Spotlight on Christmas
Malgré les heures d'attentes à l'aéroport - onze, nous apprend t-il
- et le stress inhérent à ce genre de problème, la voix est sublime
dès le premier morceau ; tout le public - sauf les invités blasés
qui conchient la pop - est scotché dès les premiers mots chantés
dans un micro qui semble miraculeux. Ce qui est encore plus fort,
c'est que notre homme reste sobre et n'en fait pas des tonnes, ce
qu'on pouvait lui reprocher au début de sa carrière. Les parties
vocales - qui pourraient être celles d'un fils caché de Jeff
Buckley et Thom Yorke - habitent littéralement des titres
bien écrits (avec une plume audacieuse, corrosive et revendicative)

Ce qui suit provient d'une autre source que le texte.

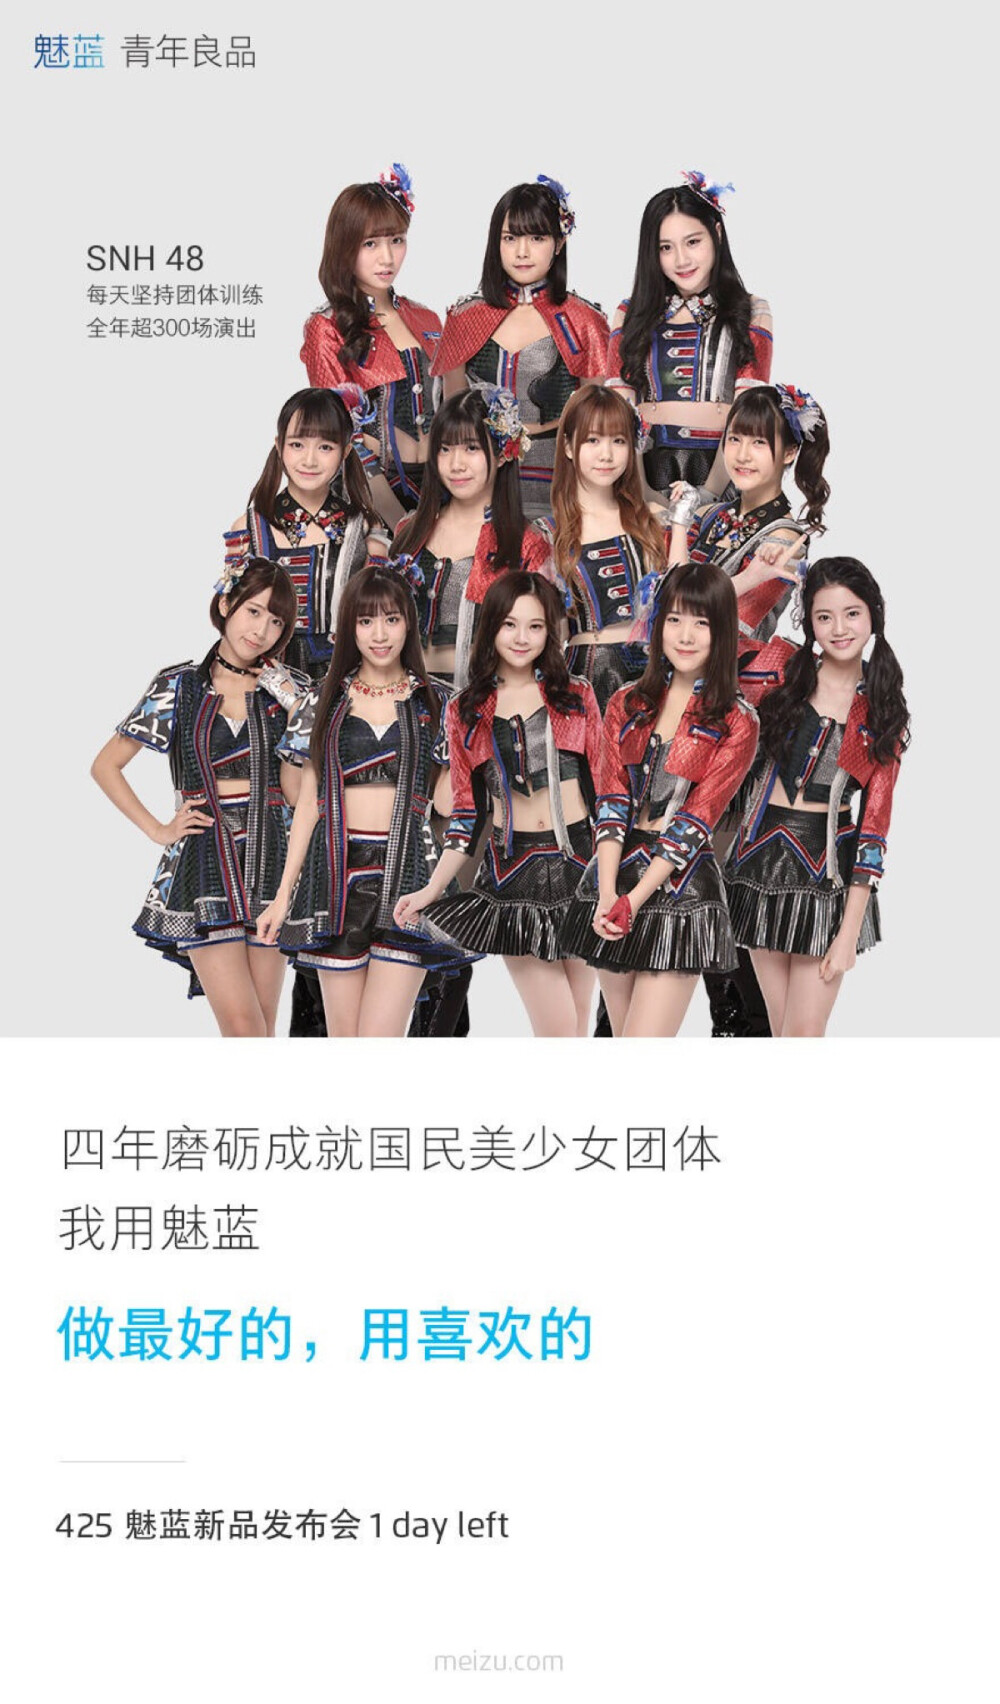 snh48 team hii 刘佩鑫 魅蓝宣传

joués avec une classe peu commune par un impeccable groupe : deux
choristes/ guitaristes, un contrebassiste, un batteur, un claviériste
et un guitariste électrique. Tout le monde se met au niveau - hallucinant
- du leader de ce combo rêvé, en restant discret et au service des
chansons. Quand la troupe quitte brièvement la scène pour permettre
à son chanteur de jouer deux morceaux au piano (This love affair
et Little sister), c'est tout simplement un moment à part
faisant s'arrêter la course du temps. En solo ou en groupe, le show
est donc d'une qualité assez incroyable jusque-là, et ce n'est pas
fini ! Après une chanson de Noël, Spotlight on Christmas,
fort à propos pour cette soirée riche en cadeaux musicaux féeriques,
Rufus Wainwright se met à jouer une chanson majestueuse
de Leonard Cohen, Chelsea hotel, écrite pour Janis
Joplin, et qui détaille crûment leur relation. C'est tellement
beau qu'on se dit que le public vient de vivre l'acmé du concert.

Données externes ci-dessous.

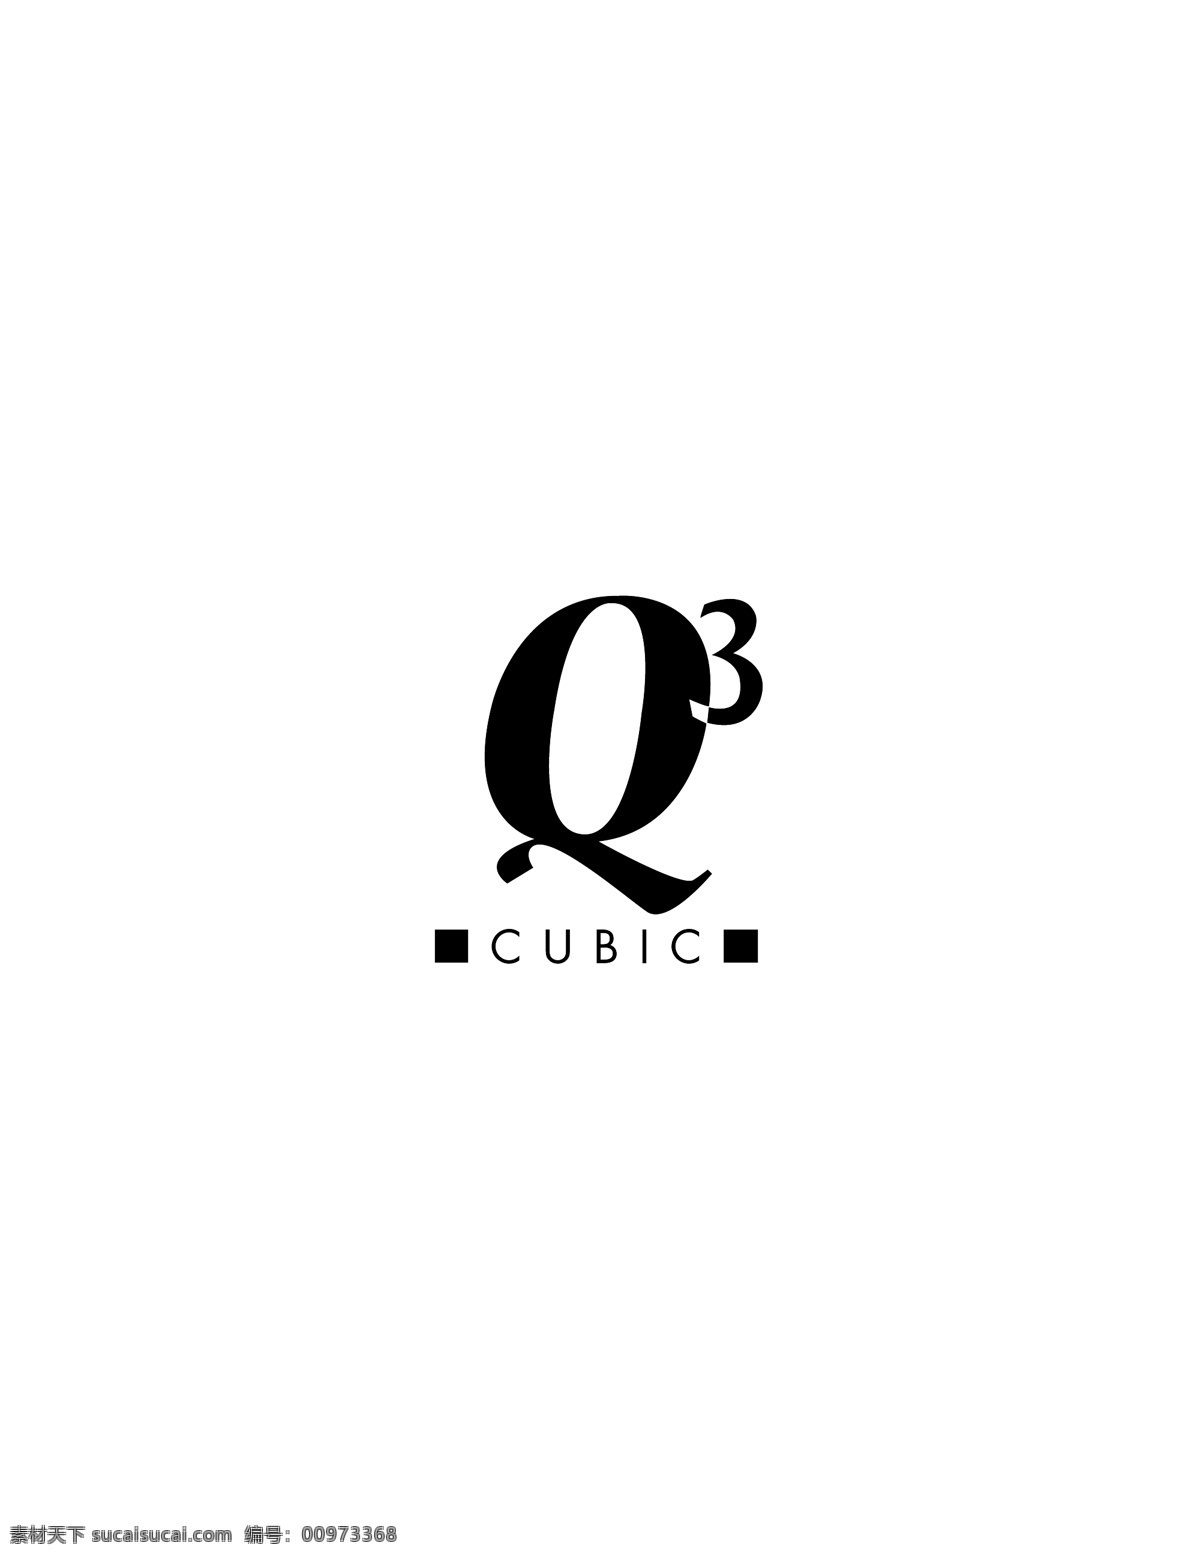 logo大全 logo 设计欣赏 商业矢量 矢量下载 q3 cubic 传统 企业 标志设计 欣赏 网页矢量 矢量图 其他矢量图

Et bien non, mesdames et messieurs.
Jesus is in the house
L'assistance éberluée à tout d'abord le privilège de voir la troupe
(sortie précipitamment de scène en laissant les instruments jouer
seuls) revenir habillée en apôtres tout de blanc vêtus. Tout ce
beau monde se lance dans une chorégraphie improbable, mais fort
drôle. Et là c'est le happening : des roadies déguisés en soldats
romains avec lunettes de soleil installent une croix et crucifient
Rufus Wainwright sur celle-ci, puis lui mettent un masque,
pendant qu'il interprète Gay messiah sous bonne garde...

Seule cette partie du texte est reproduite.